1. Field of the Invention
The present invention relates to an Fe-based soft magnetic alloy suitable as materials for use in magnetic cores of various transformers and saturable reactors, various choke coils, various magnetic heads and the like and suitable as magnetic materials for use in various sensors and the like and a method of producing the same.
2. Description of the Related Art
For example, conventionally used as the magnetic materials for various magnetic parts in power supplies and magnetic heads have been mainly Permalloy, Fe-Al-Si alloy, silicon steel, ferrite and the like.

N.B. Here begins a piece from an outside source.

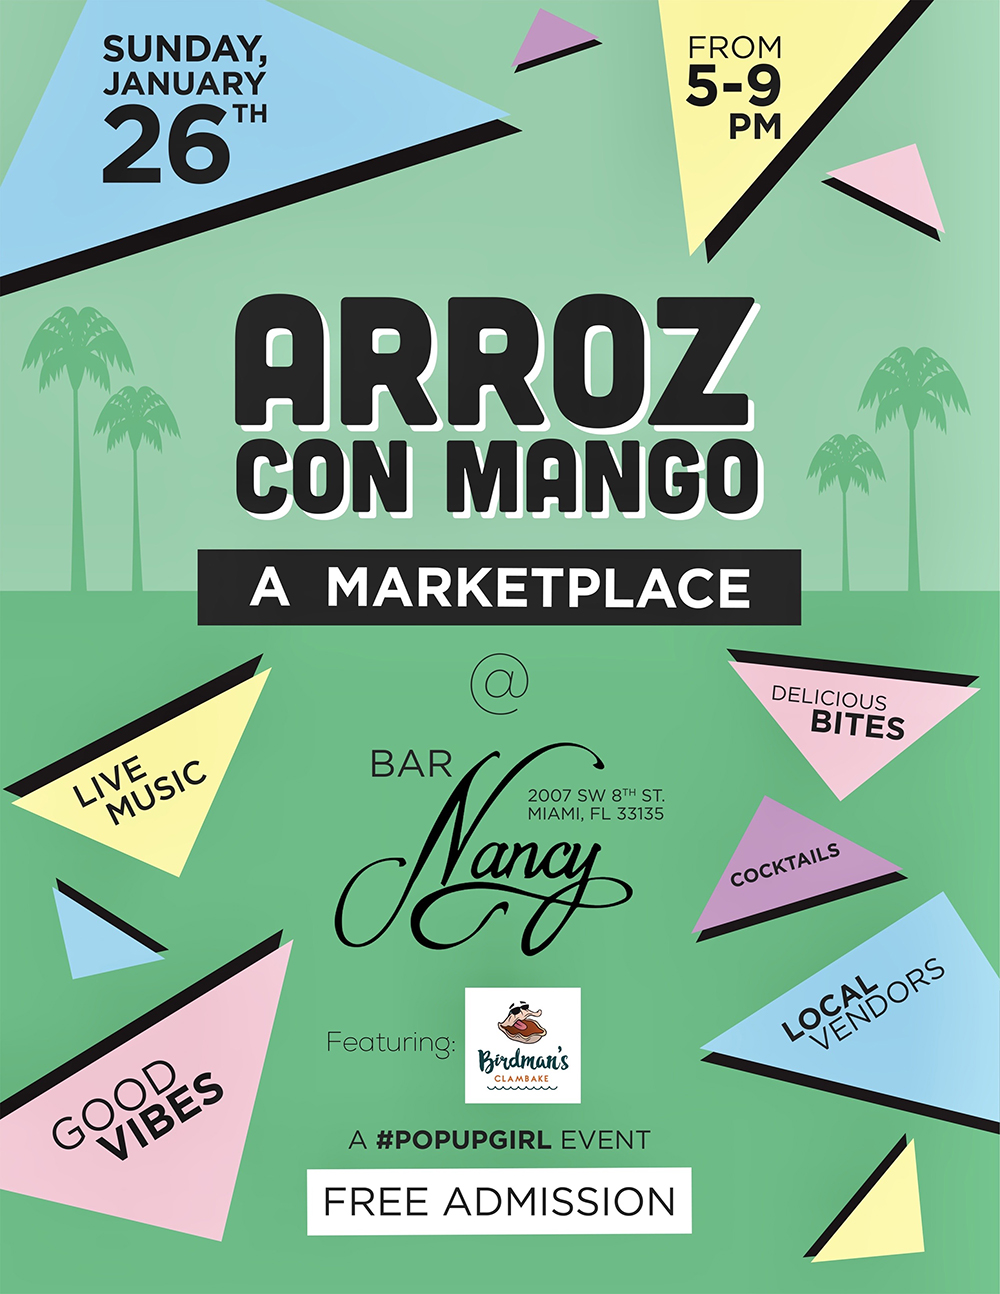 Arroz Con Mango! A Marketplace! Feat. Birdman's Clambake! @ Bar Nancy

Meanwhile, there have been increasing demands for miniaturization, higher efficiency and the like of electronic equipment and appliances in recent years and, for example switching frequencies of power supplies have been and will be a high frequency in order to meet these requirements. It thus has been desired that the magnetic materials constituting magnetic parts should have improved properties such as low iron loss, high saturation magnetic flux density and the like in the high frequency region.
The above-mentioned materials, however, are not satisfactory as regards these requirements. Amorphous alloys thus have attracted attention recently in their role of the soft magnetic materials meeting the requirements associated with high frequency.
Amorphous alloys show the excellent soft magnetic properties such as high permeability, low coercive force and the like. They also have the properties of low iron loss, high squareness ratio and the like at high frequency. Because of these advantages some of amorphous alloys practically have been used as the magnetic material for switching power supplies. For example, Co-based amorphous alloys have been used for saturable reactors and the like, while Fe-based amorphous alloys for choke coils and the like.
These amorphous alloys also have many problems to solve, however. For example, Co-based amorphous alloys exhibit the excellent properties, having low iron loss, high squareness ratio and the like in the high frequency region. On the other hand, however, they have the disadvantage that they are comparatively high priced and less likely to find wide prevalent use. Fe-based amorphous alloys are reasonably priced and eligible for wide prevalent use. On the other hand, however, they have the disadvantage that they don't acquire zero magnetostriction, their magnetic properties are susceptible to large deterioration due to stress by setting constraction of resin at the time of resin molding and the like and there is a high incidence of noises associated with magnetostriction vibration.
Meanwhile, Fe-based soft magnetic alloys having precipitated super fine crystal grains and the soft magnetic properties comparable to those of Co-based amorphous alloys have been proposed recently (cf. Japanese Patent Laid Open No. 320504/1988). These Fe-based soft magnetic alloys have the excellent soft magnetic properties but also the advantages described below. That is, Since they have low magnetostriction and they are based on Fe, their price is on a comparatively reasonable level. Because of these advantages Fe-based soft magnetic alloys have attracted attention as a magnetic material to replace Co-based amorphous alloys.
However, the above-mentioned Fe-based soft magnetic alloys had a weakness that their magnetic properties have large dependence on the heat treatment temperatures during their production process. That is, in the above-mentioned Fe-based soft magnetic alloys, alloy matrices are once made amorphous and then heat-treated in a range of temperatures close to the crystalization temperature in order to precipitate fine crystal grains. The excellent magnetic properties are generated with precipitation of said fine crystal grains. The range of optimum heat treatment temperatures is narrow, however. Furthermore, a very large amount of energy is discharged at the time crystalization occurs from the amorphous state. These make it highly likely that the heat treatment temperature in the production steps exceeds the prescribed range of temperatures. When the heat treatment temperature exceeds the prescribed range, coarse crystal grains are liable to precipitate and the above-mentioned excellent magnetic properties cannot be obtained.